When two strains of “fat” laboratory mice-a mouse genetically predisposed for diabetes (db), and one genetically predisposed for obesity (ob)-were stitched together, the db mouse gained weight, whereas the ob lost its appetite and eventually starved to death. From such experiments, Coleman deduced that the obese mouse must be lacking a so-called “satiety factor” that controls food consumption. Also, the diabetes mouse is unable to properly respond to this “satiety factor,” increasing its appetite.
Flash forward to Rockefeller University in New York, in 1994. Using positional cloning, Friedman and his team identified the mutation responsible for the ob mouse, and named the gene “leptin,” from the Greek word for “thin.” Friedman had put a name to Coleman’s “satiety factor.”
Leptin is a hormone secreted from fat tissues in the body and its function is to control food intake. This hormone also “maintains weight within a range, keeping the organism from being too heavy or too thin,” said Friedman.
Leptin travels to the hypothalamus, telling the brain there is enough fat being stored. This in turn rewires the neural circuitry of the brain to inhibit feeding and to reduce hunger.
While some obese individuals respond well to leptin therapy, most actually have high levels of leptin in their bodies. However, these individuals are unable to put the leptin to use, so the brain signal to inhibit feeding is never created.
“Most obesity is a result of leptin resistance,” Friedman explained.
Drug companies are now targeting the neural transmitter that controls feeding, hoping to design a therapy for obese individuals. But perhaps the most significant contribution of Coleman and Friedman’s work on leptin is to change public perceptions of obesity.
“It establishes there is in fact a powerful biological basis for obesity,” Friedman concluded.
-Mandy Lo
Shhh! (What the marauding virus said to its host’s mRNA.)
To stop a dangerous message, kill the messengers-or silence them, at least.
That is the rough idea behind RNA interference (RNAi), a cell process that can be used to shut down, or “silence,” the effects of a gene. The term was coined by Drs. Andrew Fire, of Stanford University, Craig Mello, of the University of Massachusetts, and others, who first described it in a brief Nature paper in 1988.
Fire and Mello’s work shed new light on the way the immune system works, and may make possible a new class of drugs. These would fix problems that stem from DNA, without causing changes or damage to the DNA itself.
For if the double-stranded DNA contains the master blue print for life, then RNA, its single-stranded kin, is its molecular agent that carries out these instructions. One important player is so-called messenger RNA (mRNA), which carries the instructions for producing proteins-what living cells need-that they gleaned from the DNA master plan.
Fire and Mello figured out how to use an odd sort of RNA, one that is double-stranded, like DNA, to interfere with the workings of mRNA. They worked with Caenorhabditis elegans, a simple kind of worm, and a favourite among molecular geneticists, who like to tinker with its genes.

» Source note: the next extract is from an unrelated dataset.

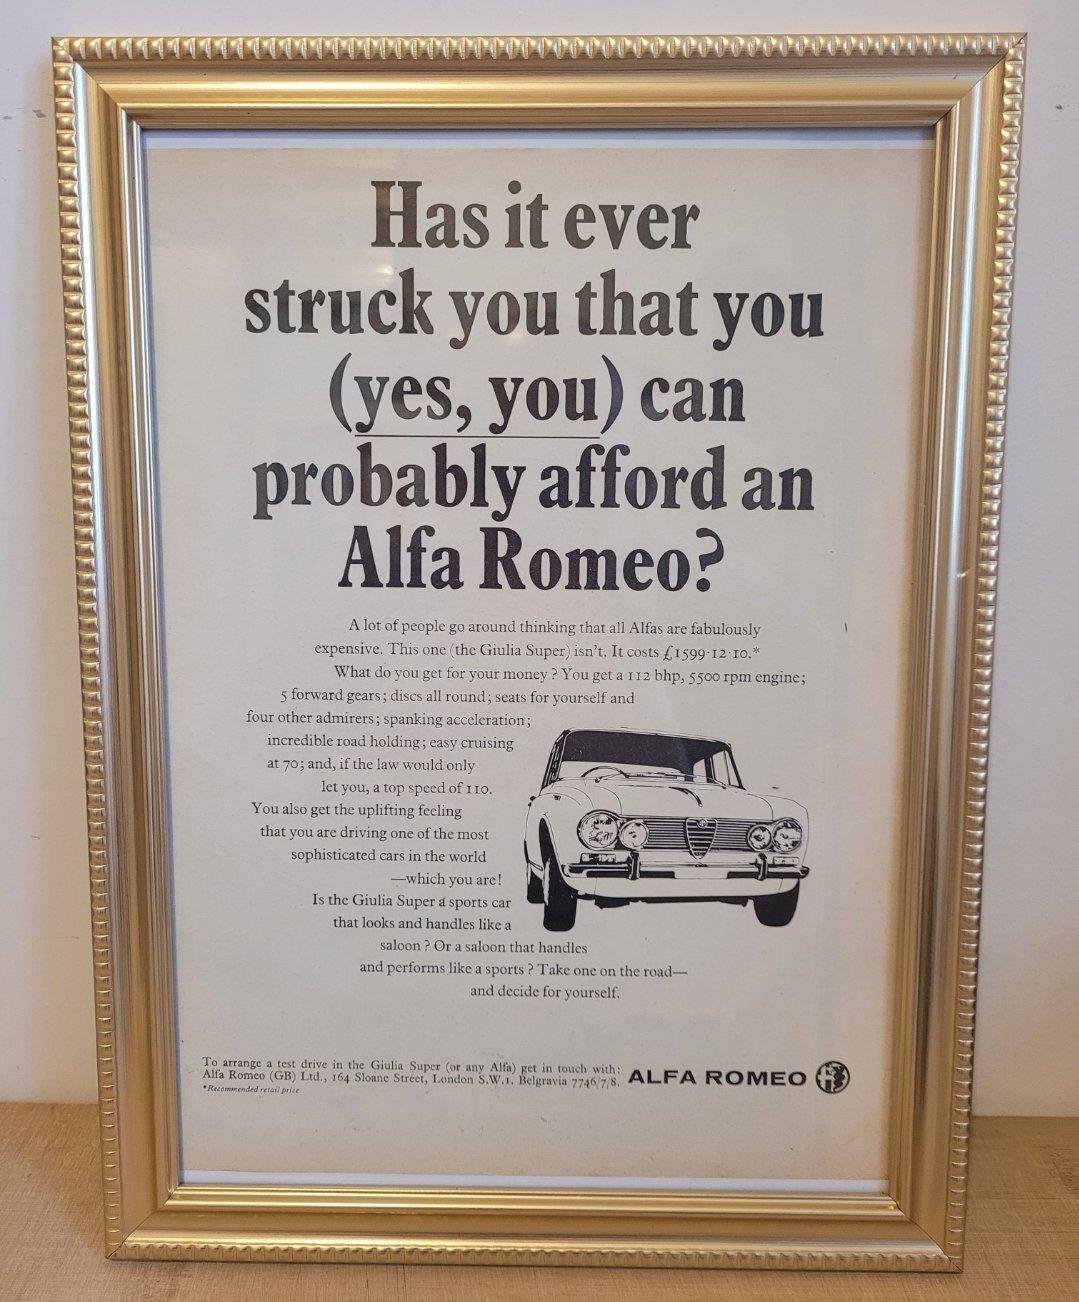 Picture of 1983 Original 1967 Alfa Giulia Super Framed Advert

Double-stranded RNA enters the cell, and gets sliced down the middle by a type of molecule called (appropriately) DICER. Fire explained why the cell’s enzymes chop incoming RNA into such short ribbons. To identify a virus, you only need recognize a small part of it, which cannot cause harm on its own.
The single-stranded RNA gets chopped into even shorter pieces, and makes its way into the nucleus. Nonetheless, if one of the chopped-up pieces ends up as the mirror image of a piece of mRNA in the nucleus, the two of them lock together. The mRNA is disabled. No protein is produced. The gene responsible for producing that protein is effectively silenced.
Some types of viruses use RNAi to fight a cell’s anti-viral mechanisms. If the virus can block the production of proteins designed to fight it, victory is assured. So organisms and viruses are locked in an eternal arms race. One seeks to interfere with the workings of its host’s mRNA, while the other tries to throw a spanner into the invading RNA’s works.